Spoofability verdict for hsbc.com
No - hsbc.com is not practically spoofable.
See the math
HSBC has built a tight email authentication posture with reject-mode DMARC, leaving little room for attackers to impersonate the bank's official domain. This is the gold standard for financial institutions and matches what you'd expect from a global lender serious about protecting its brand.
- DMARC policy=reject (fully enforced): HSBC's DMARC policy rejects messages that fail SPF or DKIM alignment, with no exceptions (pct=100 implicit). Any email claiming to be from hsbc.com that doesn't pass authentication is blocked by strict receivers—Gmail, Outlook, Yahoo. This is the strongest DMARC stance and makes spoofing hostile territory.
- SPF softfail (~all, partial strictness): SPF uses ~all (softfail) rather than -all (hardfail), meaning unauthorized senders get a warning rather than outright rejection—but in practice this is secondary because DMARC's reject policy overrides permissive SPF. SPF lists six separate authorization mechanisms, indicating HSBC mail routes through multiple third-party systems.
- DKIM found (google selector, enforced): HSBC signs outbound mail with DKIM; the 'google' selector was detected, suggesting third-party mail handling. DKIM signatures are cryptographically verified and cannot be forged without the private key, making them attack-resistant by design.
- MTA-STS missing: MTA-STS forces secure SMTP in transit and prevents downgrade attacks. HSBC hasn't deployed it, but this is a minor gap because DMARC policy=reject already provides strong protection at the receiver end.
What this means practically
An attacker attempting to send mail from hsbc.com will find that Gmail, Outlook, Yahoo, and other major mailbox providers reject or heavily scrutinize the message on arrival—unless the attacker can forge BOTH SPF and DKIM signatures, which requires either compromising HSBC's infrastructure or performing a sophisticated DNS interception attack. In practice, such attacks target HSBC customers via lookalike domains (hsbc-update.com, hsbc-confirm.com) instead, because impersonating hsbc.com directly is an uphill battle.
Context for HSBC
Financial institutions like HSBC face high spoofing pressure because email impersonation is a vector for credential theft and fraud. HSBC's reject-mode posture is appropriate and expected; anything weaker would be a red flag for a bank of this scale.

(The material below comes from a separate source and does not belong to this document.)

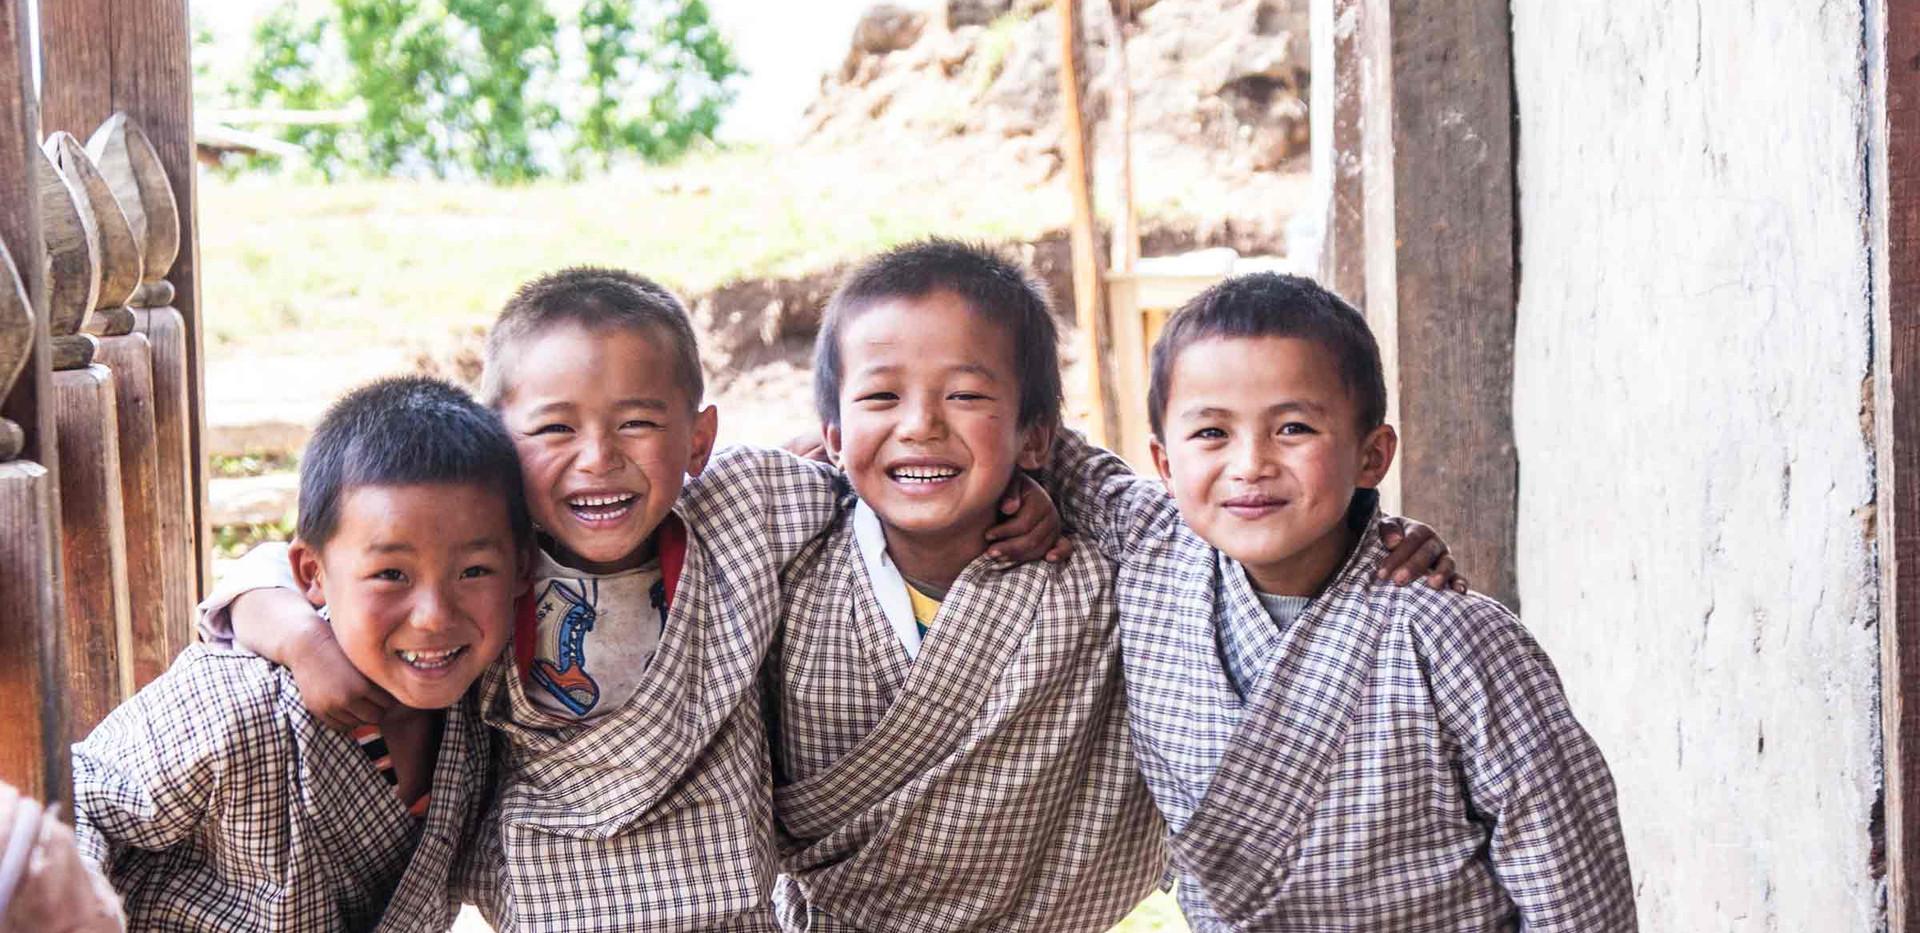 laughing-schoolboys-central-bhutan.jpg

Bottom line: HSBC has implemented the strongest practical email authentication standard for a financial institution—reject-mode DMARC with DKIM signing—making direct domain spoofing impractical against modern mailbox providers.
What we measured
Enforced
DMARC policy
p=reject
DMARC at p=reject (pct=100). Spoofed mail is rejected at SMTP.
Partial
SPF posture
~all (softfail)
SPF ends in ~all (softfail). Receivers may accept but mark mail; not enforced.

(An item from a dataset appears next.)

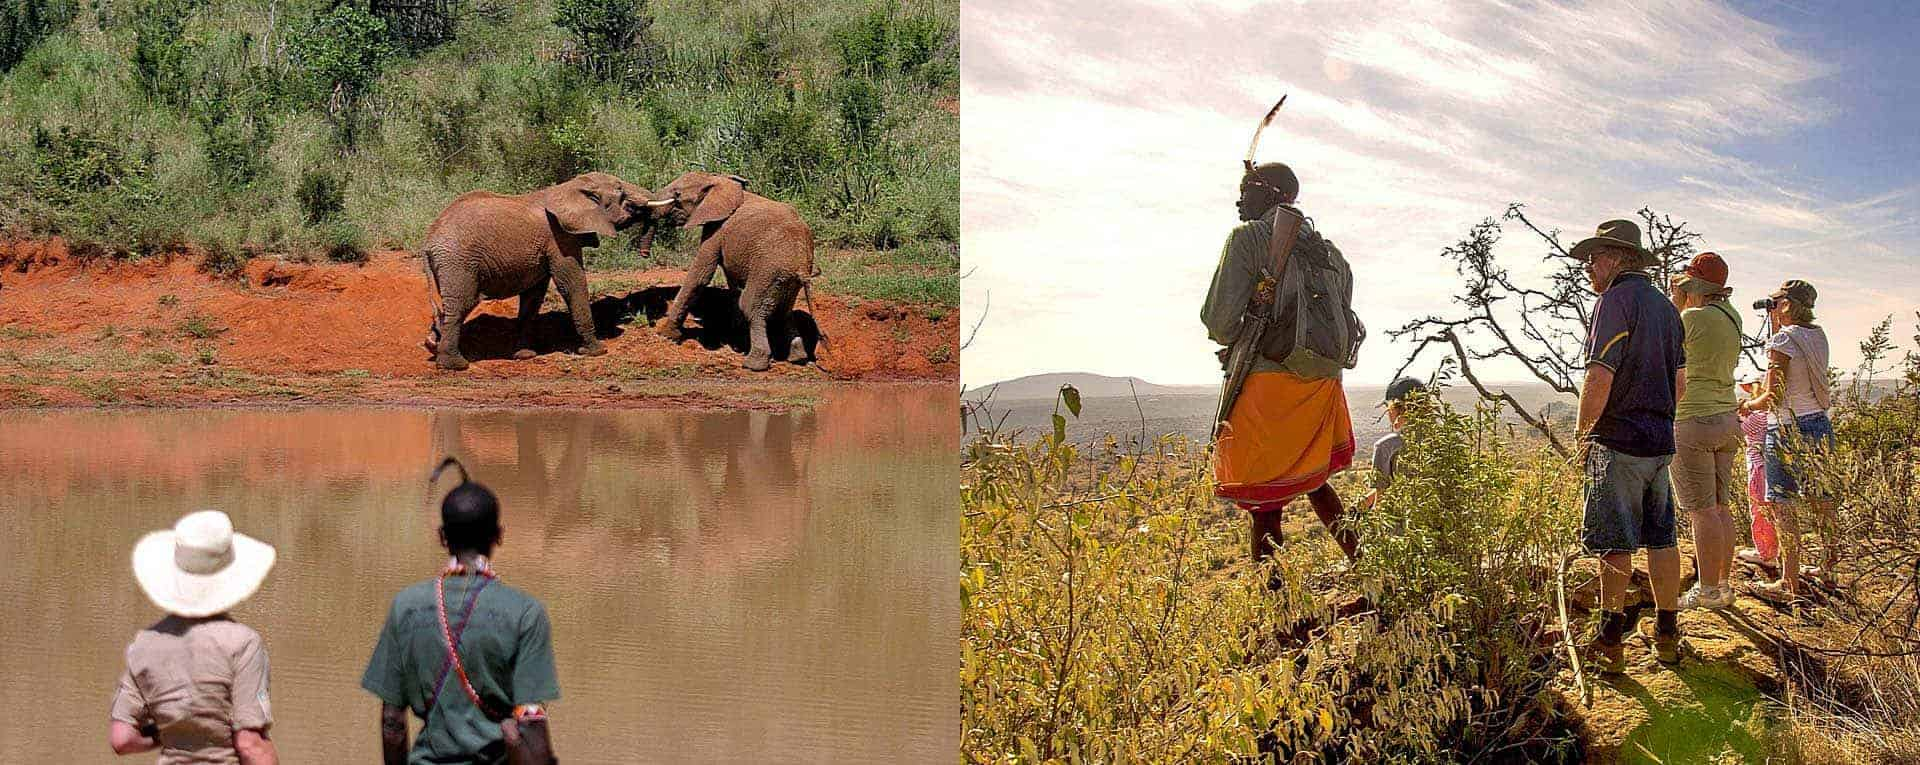 Safari Tour Guide Jobs Africa

v=spf1 include:%{ir}.%{v}.%{d}.spf.has.pphosted.com include:spf-00299f02.pphosted.com include:spf1.hsbc.com include:spf2.hsbc.com include:spf3.hsbc.com include:spf-002f0603.pphosted.com ~allEnforced
DKIM presence
found at 1 selector
DKIM key found at selector: google.
Open
MTA-STS (transport)
missing
No MTA-STS policy. Inbound mail can be intercepted via DNS / MX downgrade.
How to make it un-spoofable
- Tighten SPF from ~all (softfail) to -all (hardfail) once you have the list of senders right.
- Publish an MTA-STS policy in enforce mode + a TLS-RPT reporting endpoint.